大事にされているな、とハルディラントは思う。優しくて、生真面目で。雰囲気でそのまま進められるかと思いきや、律儀にどちらがいいか訊いてきて。
また可笑しくなって、くすりと笑ってしまえば、ハル? と怪訝そうに呼びかけられる。
「好きだよ、シイ。……今、話してもいい?」
愛しさで胸がいっぱいになって、今なら思っていることを話す勇気も出せる気がした。シイレインはしばし動きを止める。
「……今ですか」
「うん」
シイレインは言葉では返事をせず、また額に軽く唇で触れた。そして瞼や頬、鼻先に次々に唇を落としてくる。ハルディラントはくすぐったくてまた笑ってしまう。最後に口づけをし、頬同士を擦り寄せられた。そのまま耳許で熱い吐息をこぼされて、ああそうか、とハルディラントは気づく。その気になっていたのに我慢させてしまったようだった。ごめん、と胸中で思う。
でも、今のこの気持ちのまま話しておきたかったし、抱かれたあとに悲しい気持ちにもなりたくなかった。
冷えないようにお互いの身体に掛布をかけ、向かい合って横になる。シイレインの腕が背に回され、胸元に抱き寄せられるような格好になる。あたってるんだけど、と指摘すれば、一瞬絶句されたあと、おたがいさまでしょう、と返された。こういうとき使う言葉か? くすくす笑う。温かくて幸せだった。またあとでしよう、と言えば、はい、と簡潔な応えと共に、腕の力が強められた。
「……昼間。おれの結婚の話、出ただろ」
気の重い話だったが、シイレインの腕の中でなら、落ち着いて話せそうだった。
「別に今日初めて聞いて動揺してるわけじゃなくて、前から王太子の義務だとは分かってたし、とっくに覚悟できてるつもりだったんだけどさ。……おれたちの、お互いの気持ちを知っちゃったから」
自分だけが役割に殉じればいいのならば、いくらでもそうするつもりだった。結婚相手を愛せるかどうか分からなかったが、その努力はするつもりだった。でも、それがシイレインを傷つけることになると知ってしまった以上、もう耐えられなくなってしまった。

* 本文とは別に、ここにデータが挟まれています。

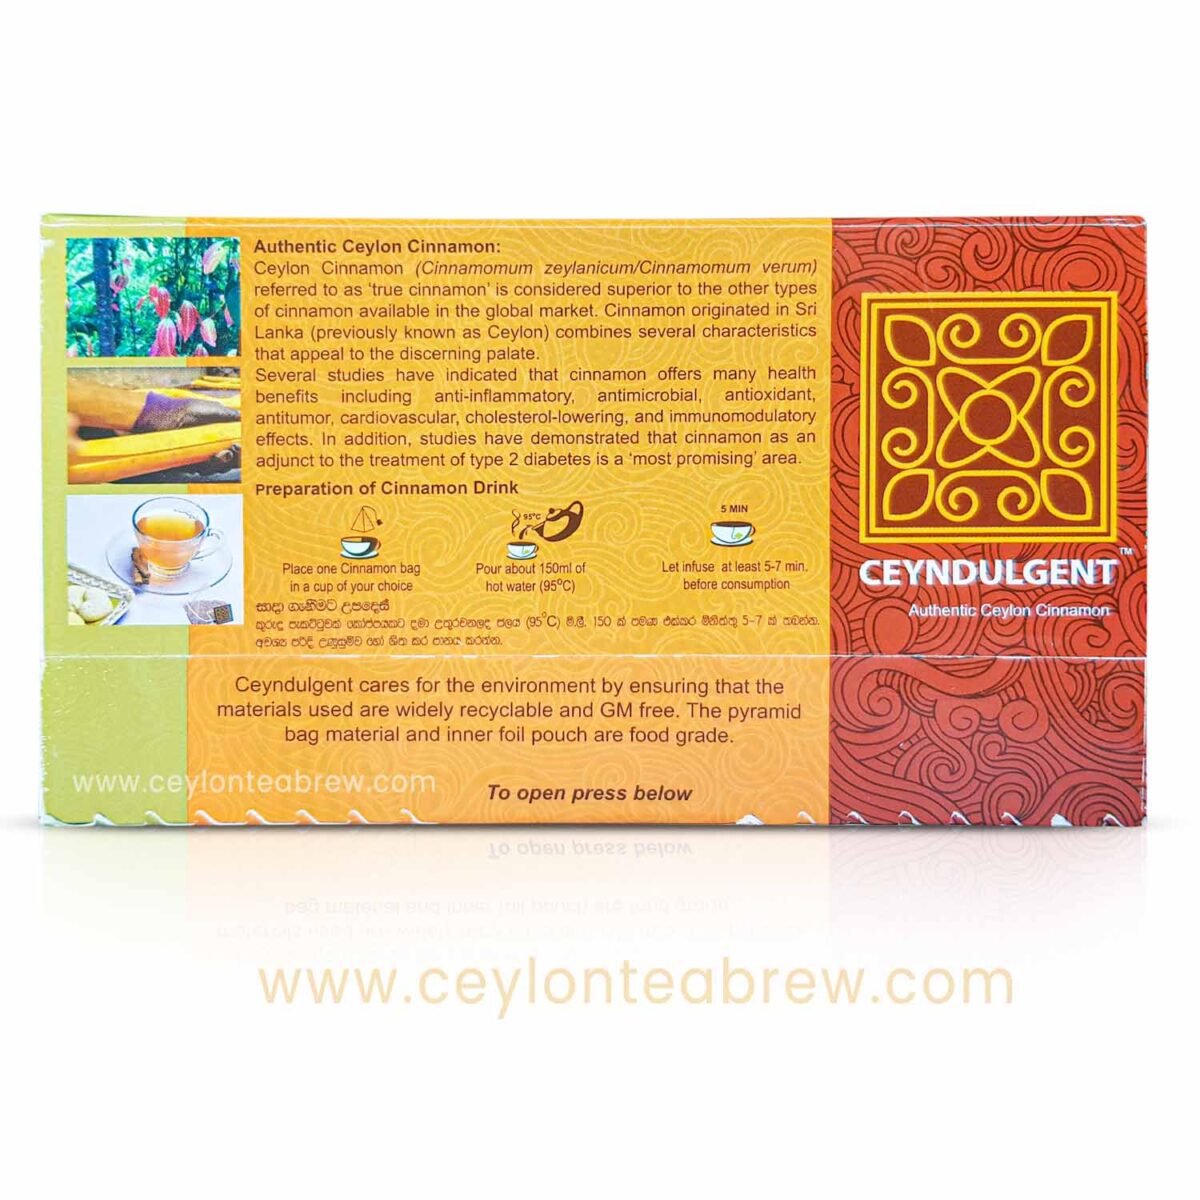 Ceyndulgent Ceylon Pure Cinnamon drink 20 bags

「立太子を辞退しようかとも思ったけど、父上が必死におれのこと取り返してくれたのに、とてもそんなこと言い出せなくて。おれが辞退したら多分、ティルトに回るんだろうけど、まだ赤ん坊の異母弟に責任押しつけるみたいになっちゃうのも嫌だし」
シイレインの手が、そっと頭をなでてくれる。心地いい。
「だから。……王太子にはなろうと思う。おれ自身の責任は果たす。でも、結婚はしない」
「……しないんですか?」
「うん。お前がすぐ傍にいるのに他の人と結婚なんてできないよ。おれ自身が耐えられない。だから、とにかくなにか理由をつけて結婚はしない」
目の前のシイレインの胸に額を寄せる。
「……追及されても、絶対にお前の名前は出さない。おれが結婚しない理由は、お前と恋仲だからじゃない。お前のことは、絶対に守る。――だから」
そこでどうしても言い淀んでしまう。ためらっているのを察したのか、抱かれている腕が強められた。
大丈夫、と胸中で自分を鼓舞する。言える。
「恋人なのは、今日だけにしよう。明日からはまた、友達に、相棒に戻ろう、シイ」
どうすればお互いの気持ちとシイレインの立場を守れるか、考えた上での結論だった。恋仲のままでいれば、なにかのきっかけで周りに知られてしまったとき、自分が結婚を拒む原因だとされてシイレインを引き離されるかもしれない。シイレインの立場は、血縁のいないこの国では父王の不興一つで消し飛ぶ。昨日今日の会話で冷酷な人ではないとは感じているが、そうと言いきれるほど父のことをまだよく知らない。
ならば、恋仲である事実がなければいい。
自分が結婚しない理由は、シイレインという恋人がいるためではない。
シイレインは誠実な友人であり、それ以上でも以下でもない。
内心のことまで詮索される謂れはない。
この考えをただ会って話して、それで終わりにすることもできたけれど。無理をしてこうして夜に来てもらって、一晩幸せに過ごせれば、きっとその思い出を宝物にこれから生きていける。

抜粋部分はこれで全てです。